Summary: A novel AI system recognizes a neuron in microscope images of the brain more efficiently than any previous approach. The system improves current methods of tracing neurons and their connections, which can help improve brain mapping.
Source: Cold Spring Harbor Laboratory
Cold Spring Harbor Laboratory (CSHL) scientists have taught computers to recognize a neuron in microscope images of the brain more efficiently than any previous approach. The researchers improved the efficiency of automated methods for tracing neurons and their connections, a task that is increasingly in demand as researchers work to map the brain’s densely interconnected circuits. They did it by teaching the computer to recognize different parts of neurons, each of which have different characteristics.
Such connection maps are critical for learning how the brain processes information to generate thoughts and behavior.
In recent years, new imaging technologies and an expanded capacity to store digital images have led to an enormous volume of data, capturing the paths of neurons as they wend their way through the brains of mice and other model organisms. But there are not enough experts to analyze all those images, says CSHL Professor Partha Mitra, whose team developed the new artificial intelligence (AI) tool and reported on it in the journal Nature Machine Intelligence. Mitra says:
“I think of this project as building a virtual neuroanatomist. And the reason we need it is that the work that we’re doing has traditionally been done by expert humans who require, of course, decades of training. They have a tremendous amount of knowledge. They have looked at–I don’t know–hundreds of thousands of images. They understand the context. And they can offer expert judgment and interpretation.”

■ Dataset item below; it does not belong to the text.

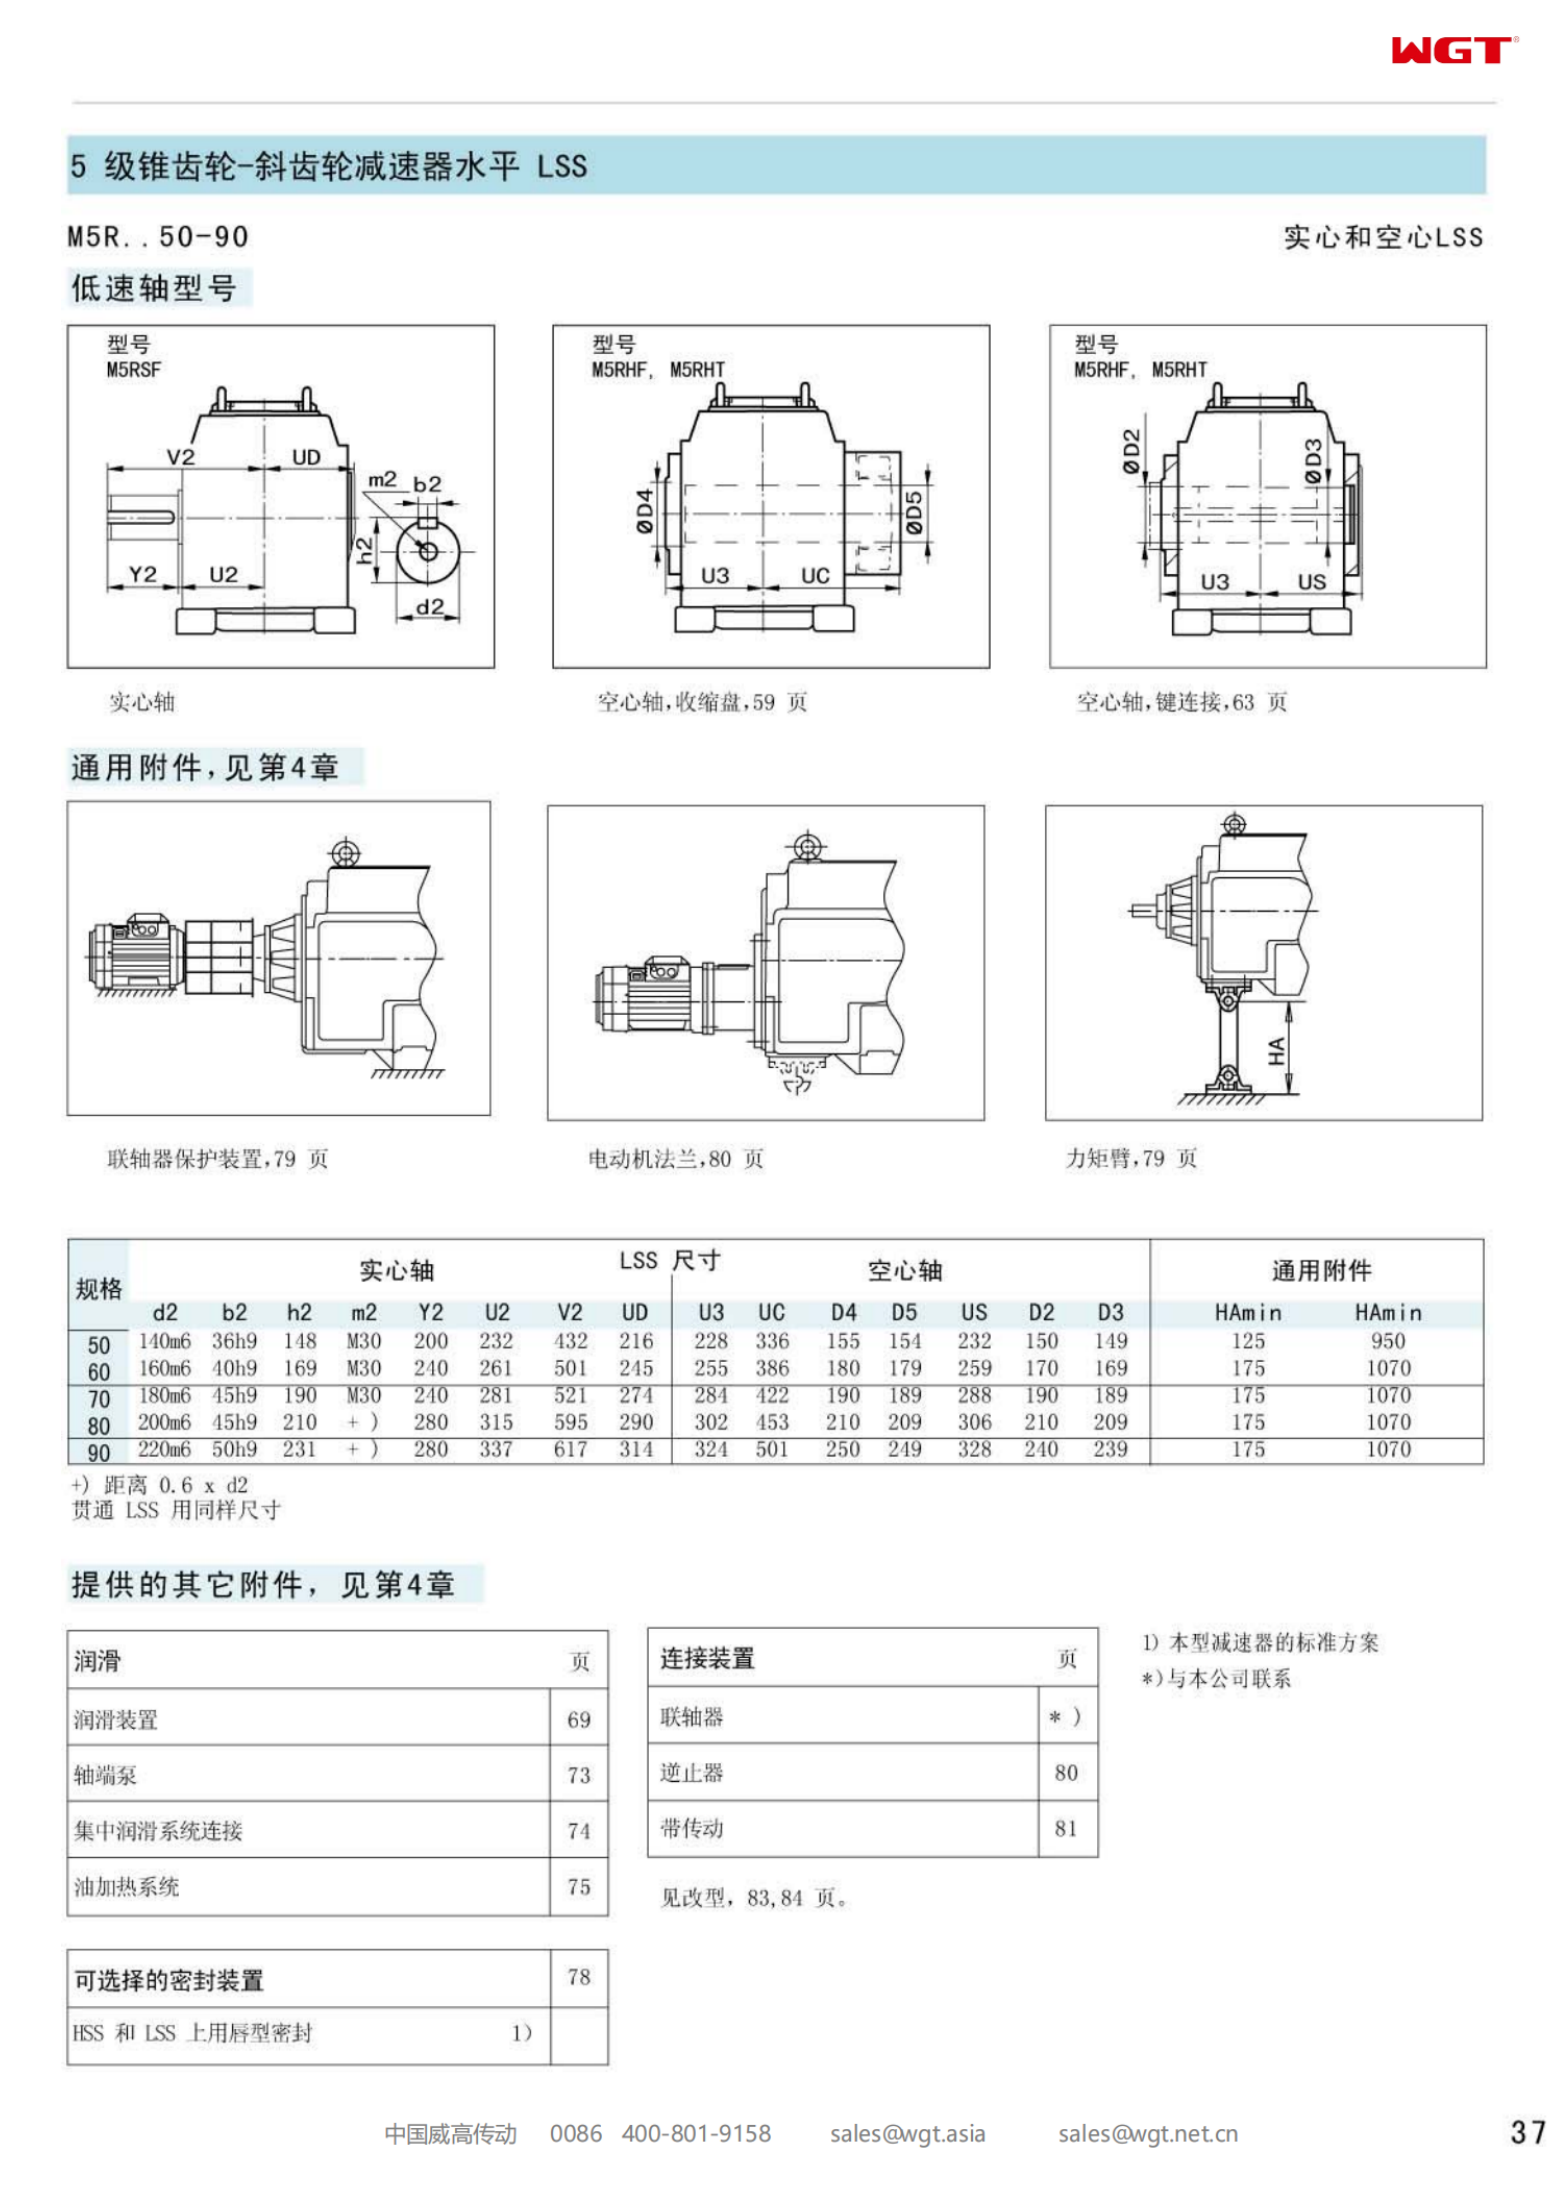 M5RSF90 Replace_SEW_M_Series Gearbox

Automated methods must take over this work, Mitra says, but computers aren’t as good as humans at interpreting visual information. What an expert anatomist quickly recognizes as a single neuron meandering across a crowded microscope image is not as obvious to an algorithm–at least not without extensive training in which the computer is allowed to learn, over and over again, from large datasets.
“Modern machine learning techniques . . . are still not good enough. And what’s missing is that they often don’t have some of the prior knowledge or information that we as humans would have in making these judgments,” Mitra says. “So we need to build in some kind of prior information.”
The researchers did this using a form of mathematics called topological data analysis, a way to see things as 3D spaces with hills, valleys, and curves. Topology is sometimes called “‘rubber sheet geometry’ that emphasizes connectivity,” says Mitra, in contrast with the kind of geometry that relies on precise lengths and angles.
The researchers used simplified mathematical descriptions of the shapes of neuronal parts–plump cell bodies, slender axons, and branched dendrites. Neurons vary tremendously in their overall shapes, but by showing the computer how neurons connect using a few basic forms, the team significantly improved the program’s ability to detect axons and dendrites.
Mitra says, “automated image analysis will still require a human proofreader for the foreseeable future, to ensure quality in scientific applications–but by enhancing the computer’s accuracy, this new method significantly reduces the work that must be done by an expert.”
With the help of a new National Institutes of Health grant, Mitra’s group will develop their AI data analysis tools even more. These tools are critical to the U.S. Brain Initiative, of which his research is a part. He hopes this approach will untangle the mysteries of how brains connect so humans can think about how brains actually work.
Semantic segmentation of microscopic neuroanatomical data by combining topological priors with encoder–decoder deep networks
Understanding of neuronal circuitry at cellular resolution within the brain has relied on neuron tracing methods that involve careful observation and interpretation by experienced neuroscientists. With recent developments in imaging and digitization, this approach is no longer feasible with the large-scale (terabyte to petabyte range) images. Machine-learning-based techniques, using deep networks, provide an efficient alternative to the problem. However, these methods rely on very large volumes of annotated images for training and have error rates that are too high for scientific data analysis, and thus requires a substantial volume of human-in-the-loop proofreading. Here we introduce a hybrid architecture combining prior structure in the form of topological data analysis methods, based on discrete Morse theory, with the best-in-class deep-net architectures for the neuronal connectivity analysis. We show significant performance gains using our hybrid architecture on detection of topological structure (for example, connectivity of neuronal processes and local intensity maxima on axons corresponding to synaptic swellings) with precision and recall close to 90% compared with human observers. We have adapted our architecture to a high-performance pipeline capable of semantic segmentation of light-microscopic whole-brain image data into a hierarchy of neuronal compartments. We expect that the hybrid architecture incorporating discrete Morse techniques into deep nets will generalize to other data domains.